Lost in Time(11)
“What exactly are you saying?” Tom asked.
Levy pointed to Sam. “We have one advantage here, gentlemen. Our defendant is unique in one very important way: he is one of the inventors of Absolom.”
Elliott shrugged. “Why does that matter?”
“It might not,” Levy said. “But the question is: what if it does? What if, by the act of creating Absolom, Sam is somehow tethered to it in ways we don’t understand, by some connection of quantum entanglement or a space-time mechanism we don’t fully understand? And what if, by sending him through Absolom, we somehow break the causality bridge that created our entire present existence? What if, by sentencing Sam to Absolom, we’re sentencing our entire present reality to nonexistence? Is that a chance the world can take? To punish one man and his daughter for a crime of passion—a crime we intend to sow doubt about as well?”
Elliott rolled his eyes. “That’s not even scientifically accurate.”
“Does it have to be?”
“Yes,” Elliott said, “it has to be.”
“This is a court of law, Dr. Lucas, not a laboratory. The laws of quantum physics are a bit player in the great experiment of justice. Do you know what the prevailing force is in a courtroom?”

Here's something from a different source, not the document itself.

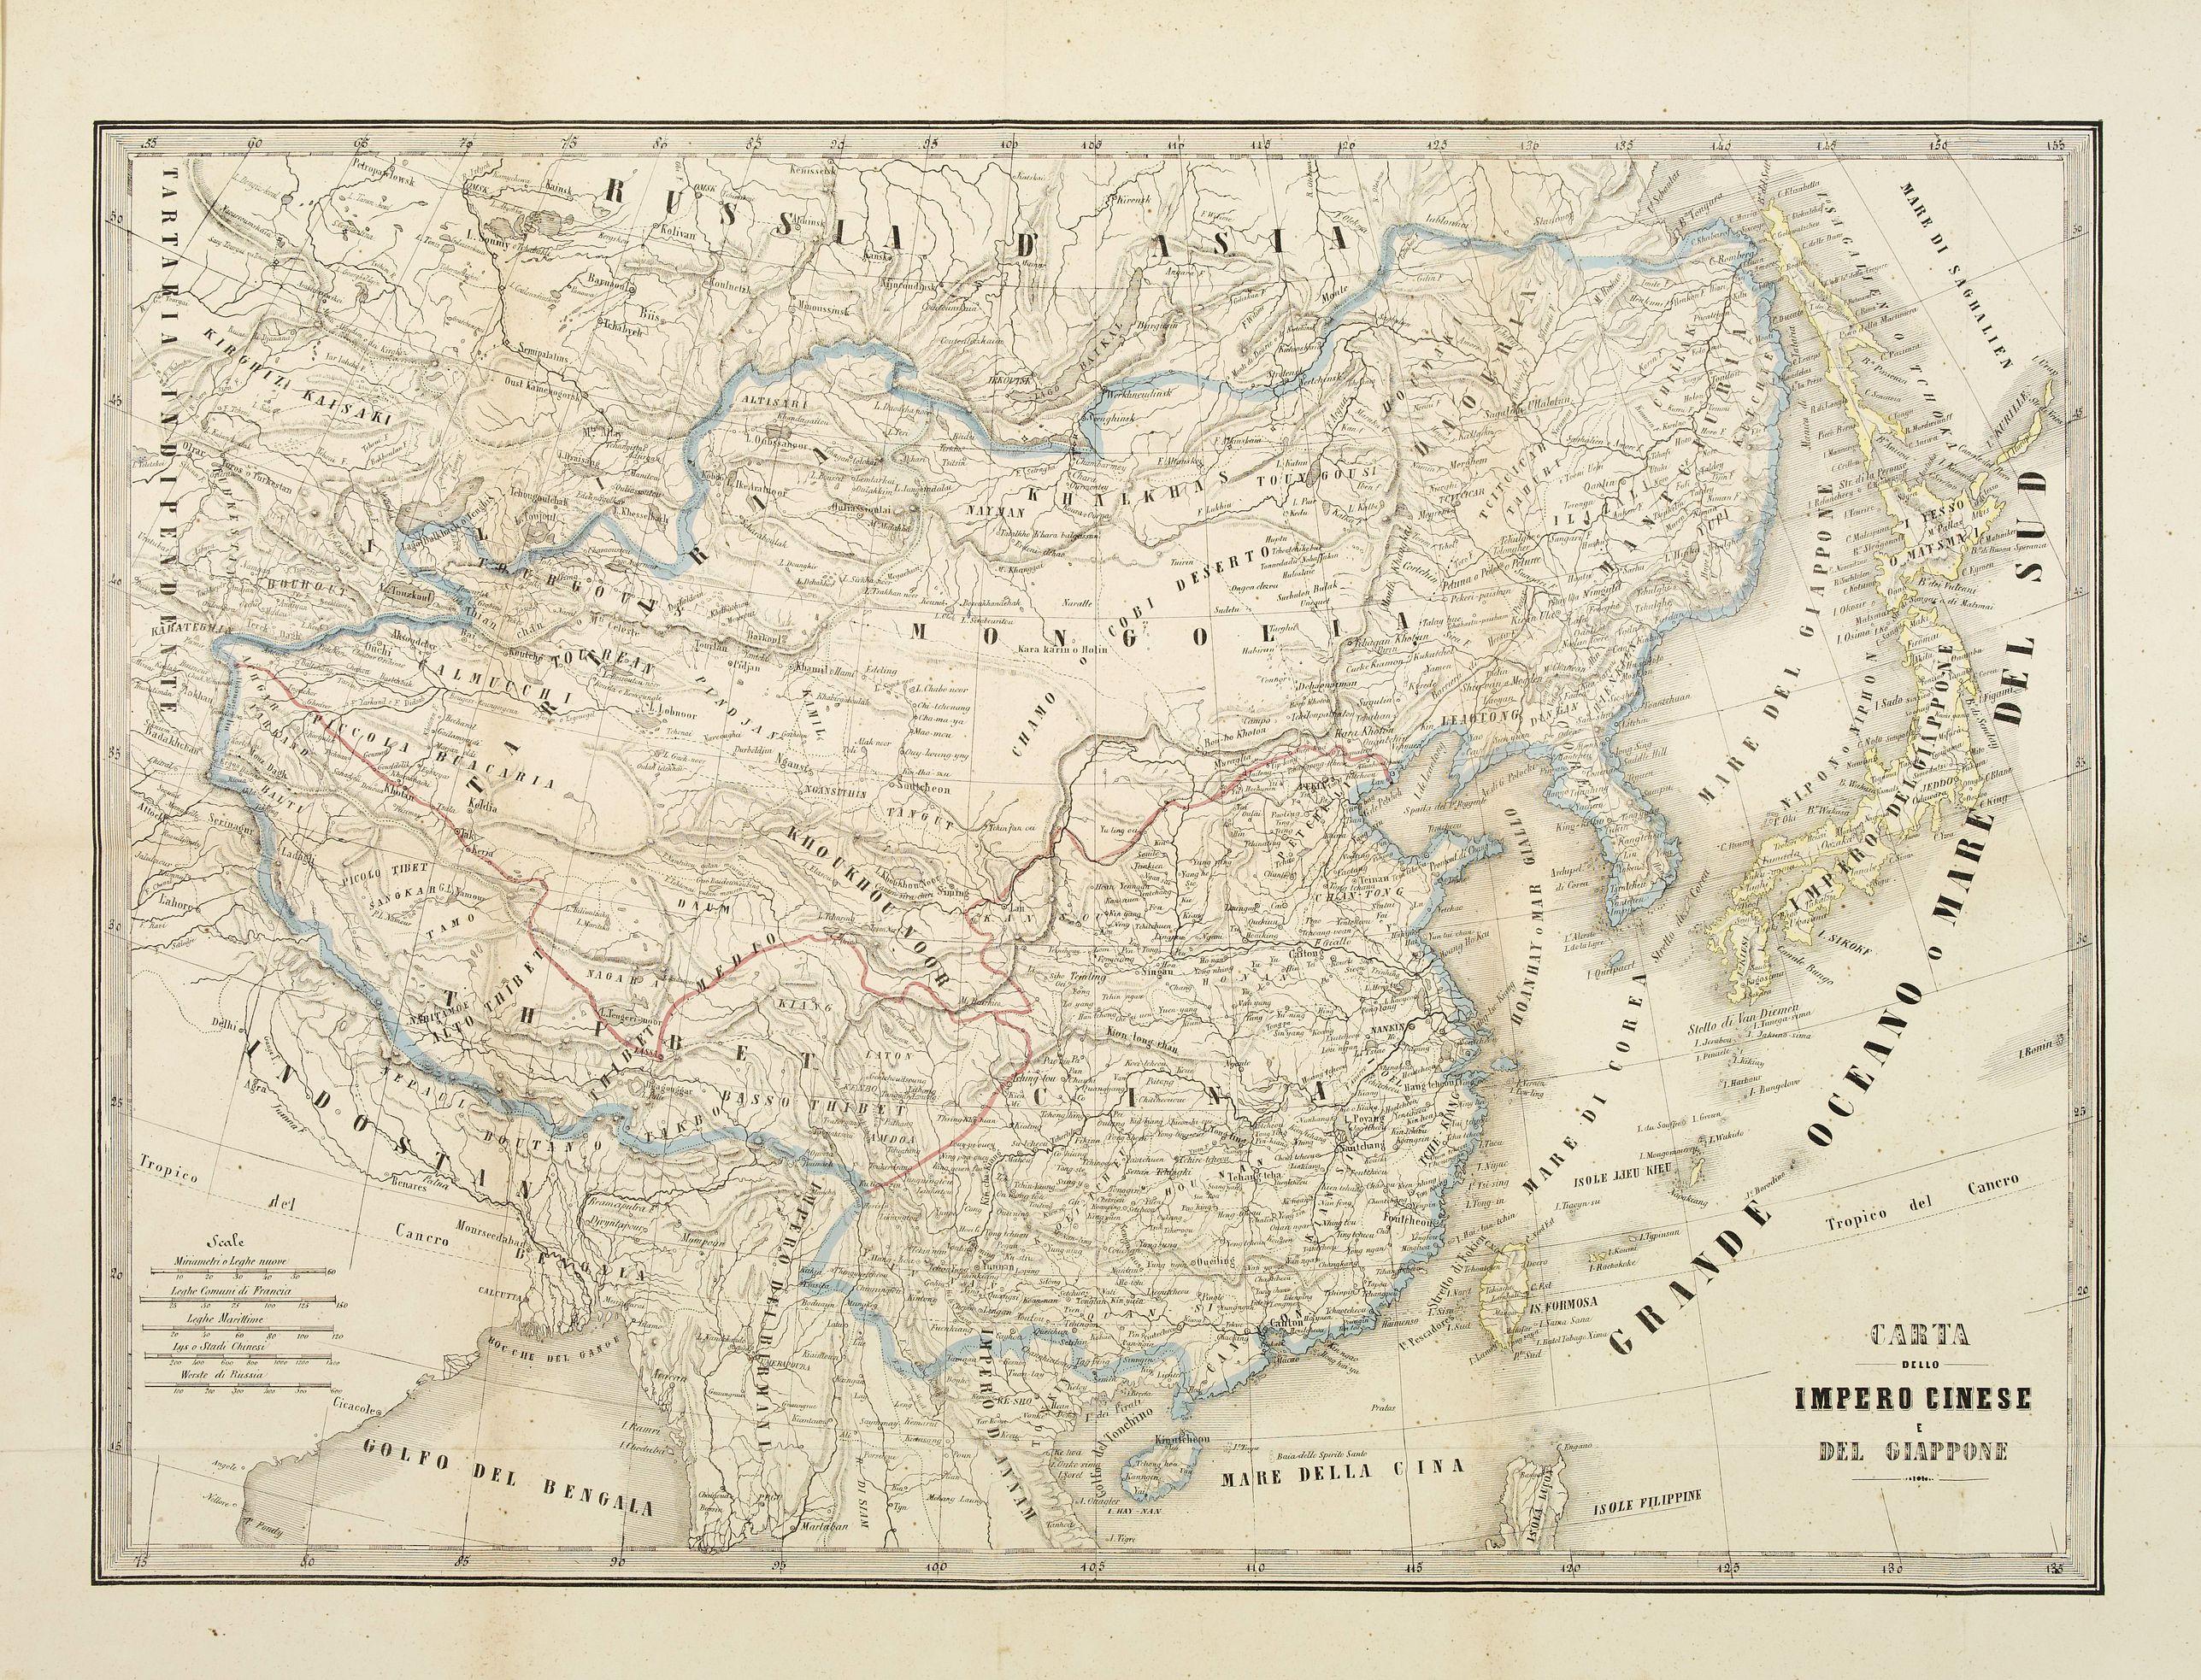 DOYEN,Fr. -  Carta dello Imperio Cinese e del Giappone.
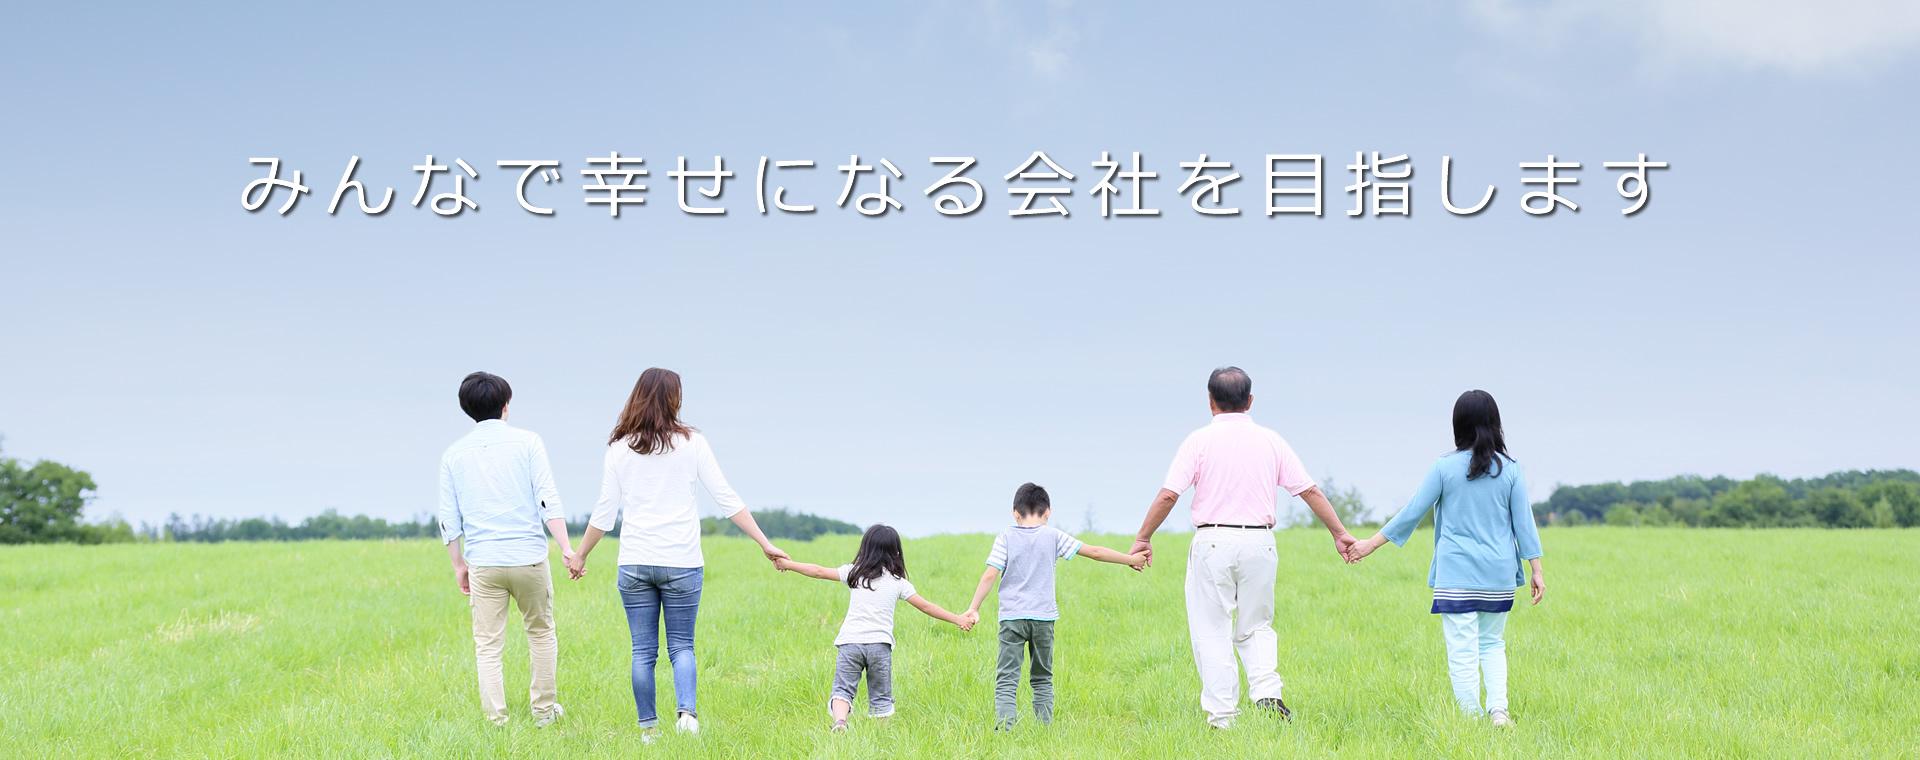 株式会社 エヌパートナーズ/NHK放送受信料の契約・収納業務

Sam sensed that this was another rhetorical question. They were getting a real preview of Levy’s courtroom performance skills. Elliott, however, took the bait, instantly answering: “Truth.”
“Fear,” Levy shot back.
Elliott’s eyebrows bunched together. “Fear?”
“Fear, Dr. Lucas. Everyone in that courtroom is scared of something. The defendant is afraid of being convicted. Myself, I’m scared of losing—because losing trial attorneys become former trial attorneys. The DA is scared of losing, too. Because superstar DAs become attorney generals and, if they’re lucky, senators, governors, and occasionally presidents. They’re thinking about their book deal, too—and who will play them in the miniseries. The judge is thinking about their next appointment. Or election. The jury is thinking about their own reputation. In the paper and on TV, they’ll be anonymous—juror number three and juror number nine—but let’s face it: their identities will leak. Online discussion boards will be obsessed with every aspect of this trial, including the jurors. There will be a daily—even a real-time—dissection of every witness who takes the stand and every potential tell from those twelve men and women in the jury box. Their backgrounds will be exposed. Their potential biases analyzed.”
Elliott held his hands up. “I still don’t get it.”
“You’re looking at it like a scientist,” Levy said.
“I fail to see the flaw in that,” Elliott shot back.
Levy let the silence draw out. Sam thought it was to let Elliott’s momentum fade, which worked.
When Levy spoke again, his tone was almost reflective. “Gentlemen, let’s back up for a moment. Let’s look at this from the public’s point of view. Because ultimately, that’s the true court in which our first trial will be adjudicated.”
Levy spread his hands. “First, consider what the public knows about Absolom. It’s a machine that sends the world’s worst convicted criminals back in time. Serial killers. Terrorists. Genocidal dictators. War criminals. They go into the Absolom chamber, and in a flash, they are gone from this world, sent back in time, hundreds of millions of years in the past, to the age of the dinosaurs. They’ll be alone for the rest of their life. They’ll die a terrible death. And do you know what the worst part of it is?”
This time, Levy didn’t pause for dramatic effect. He pressed on. “The unknown. That’s Absolom’s true power. That’s why every person on Earth knows the phrase, ‘A fate worse than Absolom.’ Because no one knows for sure what exactly happens to those sentenced to Absolom. We just know they disappear from our world, and never come back. And that’s terrifying, even to the world’s worst criminals.”
Elliott rolled his eyes. “We know what happens to them.”
“How do you know?” Levy asked, his voice reflective.
“Entanglement proves—”
Levy quickly pointed at Elliott. “Exactly. Exactly, Dr. Elliott. Your entanglement data shows that Absolom payloads arrive in the past. And the reason the entire system works is that they don’t arrive in our past. Absolom activation branches our timeline. It makes a copy and it sends the criminal back to an alternate universe. A copy of our universe, where nothing they do can impact our reality. That’s why it’s safe, isn’t it? Because they’re utterly and truly gone from this universe. That’s why the public accepts it.”
“I wouldn’t say everyone accepts it,” Sam said.
“True,” Levy replied. “Every Absolom departure sparks protests. Since its introduction, the efforts to shut it down haven’t stopped. Because a lot of people think it’s too cruel and unusual. And even more people are, to some degree, afraid of this mysterious box. They like what it has done for society. They like getting rid of the world’s worst criminals. But they also fear it. And that fear is what we will use.
“Again, our question to the world will be: what if, in the case of Dr. Samuel Anderson, because he is one of the six inventors of Absolom, he’s entangled with it in a unique way? What if, by trying to tear him from this universe, it rips the very fabric of our reality? Can the world take that chance? Would you risk ending everything to punish one man?”